When we start to talk about mortgages and lending, there are a lot of terms that pop up like ARMs, interest rates, fixed rates, conventional, equity, closing dates, etc. Then there are a few names tossed around, too – Fannie Mae, Ginnie Mae and Freddie Mac. These aren’t celebrities walking the red carpet of the lending world, but rather government-sponsored mortgage companies. Today I’m going to focus on the “ladies,” Fannie and Ginnie.
What’s With These Mortgage Company Names?
It may seem odd to have mortgage companies with such southern-sounding names, but in actuality, the names are acronyms of sorts.

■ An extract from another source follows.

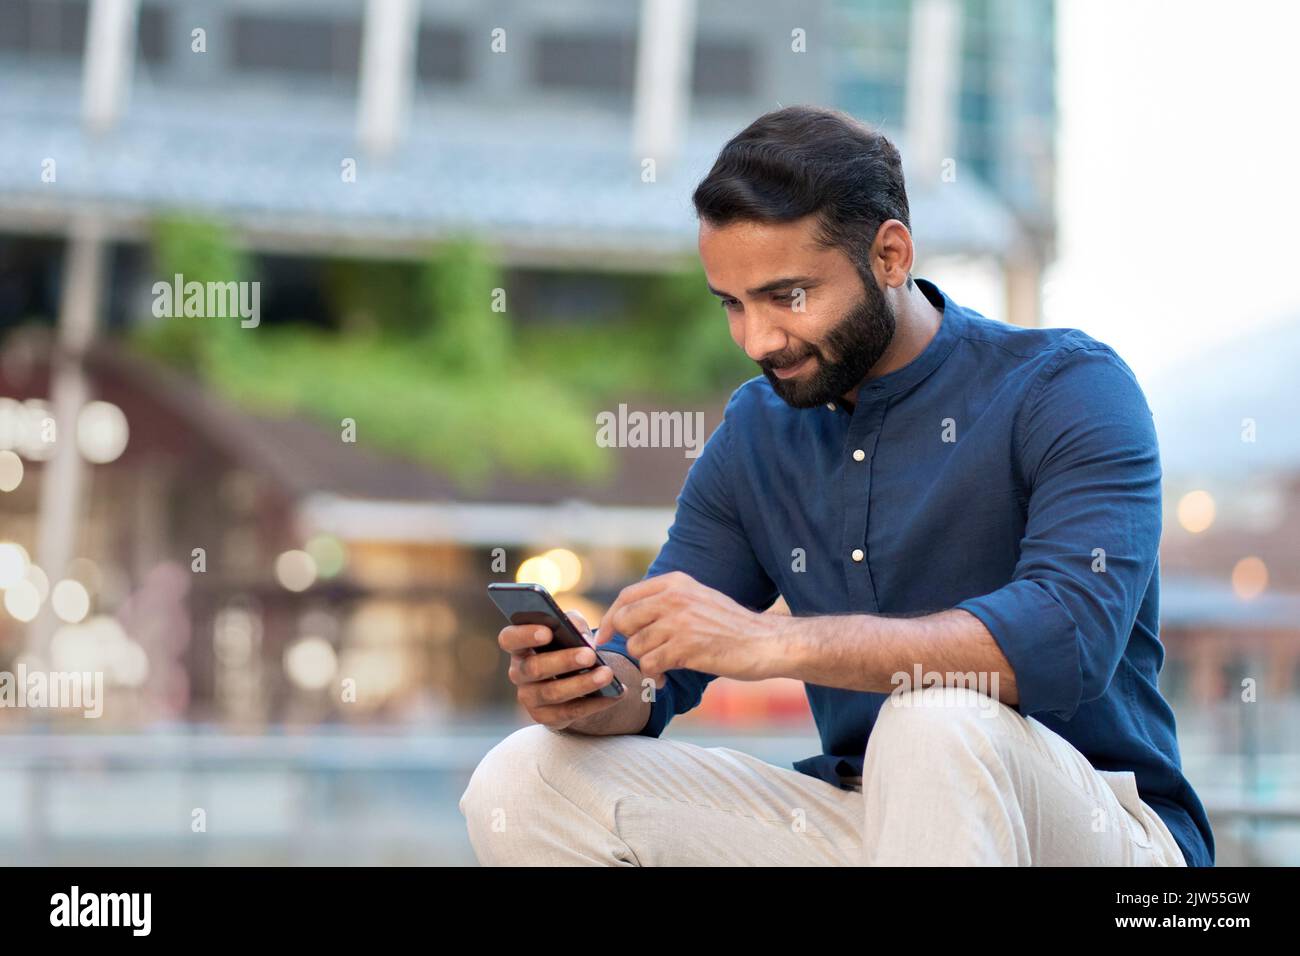 Smiling indian businessman using smartphone sitting on urban city street. Stock Photo

Fannie Mae stands for Federal National Mortgage Association. FNMA became fondly referred to as Fannie Mae. Ginnie Mae stands for Government National Mortgage Association, with the name derived from the acronym of GNMA. So now that we are on a first-name basis, let’s discuss what each one does.

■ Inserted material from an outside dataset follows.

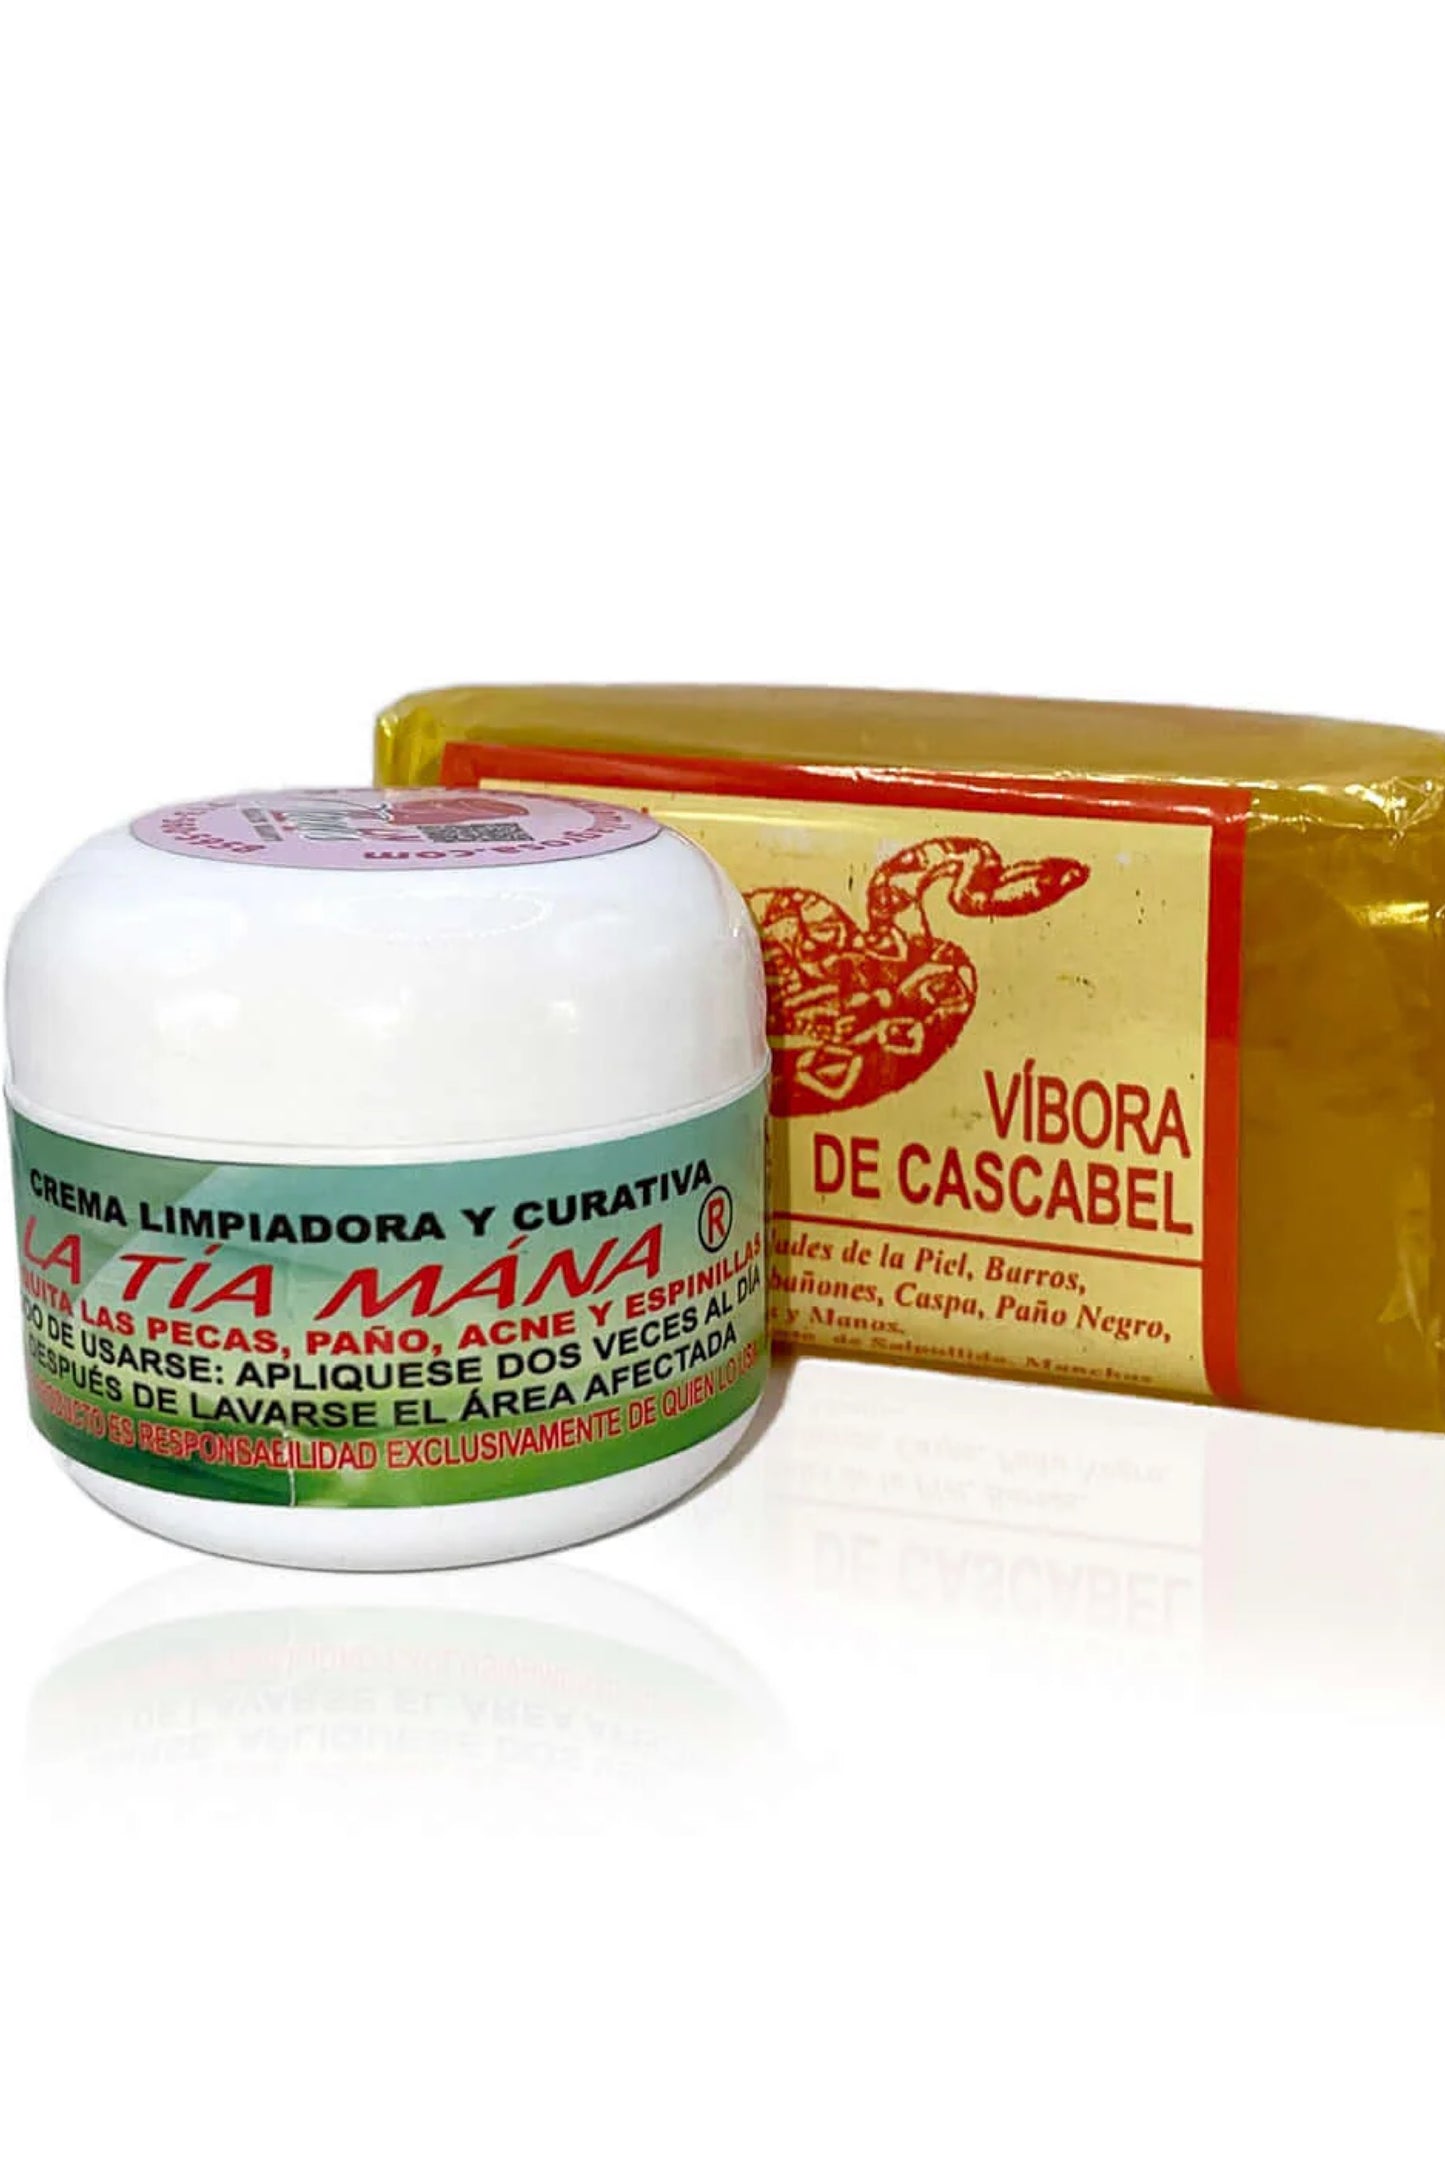 La Tía Mana crema facial + jabón aceite de vibora de cascabel

How Did These Companies Come About?
Each of the Maes was founded in a unique way for a specific purpose. Here’s a bit on their history:
- Fannie Mae – Back in 1938, the Federal National Mortgage Association, affectionately known as Fannie Mae, was established as a portion of Franklin D. Roosevelt’s New Deal. Its creation was part of an effort to secure mortgages through mortgage-backed securities. These mortgage-backed securities are mortgage loans that are bundled and sold to investors. As a result, FDR helped increase the availability of lenders in the U.S., because lenders were freed up from only using personal or private funding for home loans. It gave them options! Fannie Mae and the New Deal made homeownership more accessible to Americans. Three cheers for that!
- Ginnie Mae – The Government National Mortgage Association, or Ginnie Mae, came along 30 years later in 1968. The idea was similar to FDR’s, aiming to create Ginnie Mae in order to make homeownership a reality for more people through increased access to mortgage loans. This program is an extension of the Department of Housing and Urban Development and offers non-conventional loans like FHA, VA and USDA loans. These loans are government insured, meaning that if you default on your loan, the government has your back. The interest rates are typically lower on government-insured loans, and they are usually easier to obtain approval for.

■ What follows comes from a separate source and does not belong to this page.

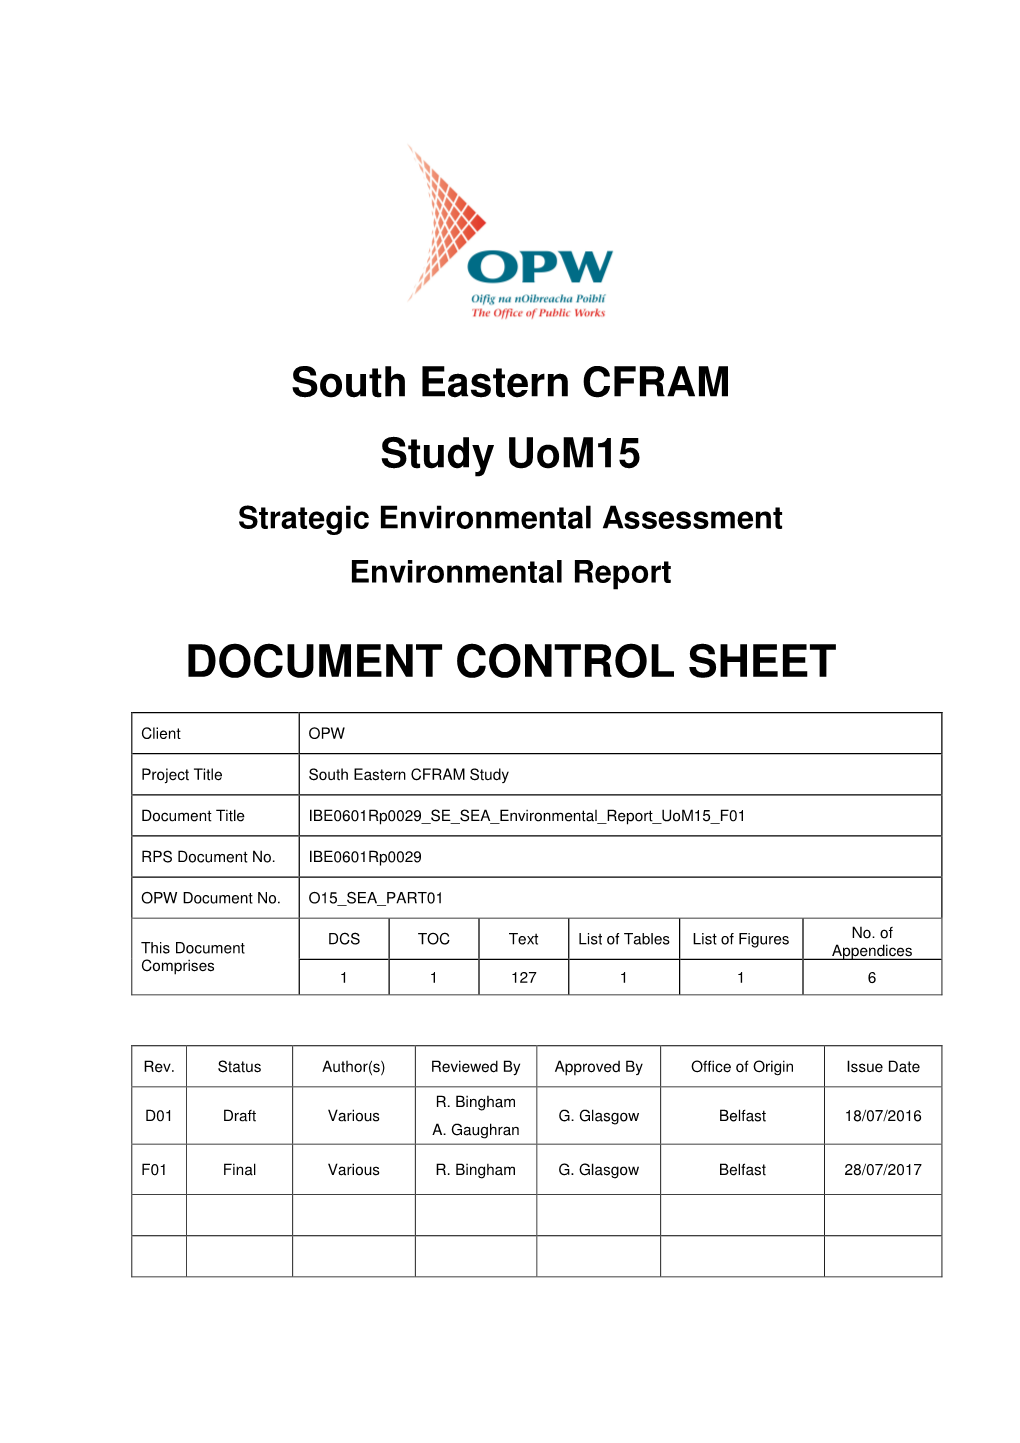 Document Control Sheet

How Do Fannie and Ginnie Affect Me?
Regardless of whether or not you seek or receive a mortgage through one of these associations, Fannie and Ginnie do affect your mortgage. These organizations set guidelines and regulations that all mortgage lending institutions must abide by; this applies to private banks and direct lenders.
We should all be interested in the health of these organizations, because without them, fewer Americans would have access to homeownership and when they release new regulations, it affects all of us through our mortgage terms.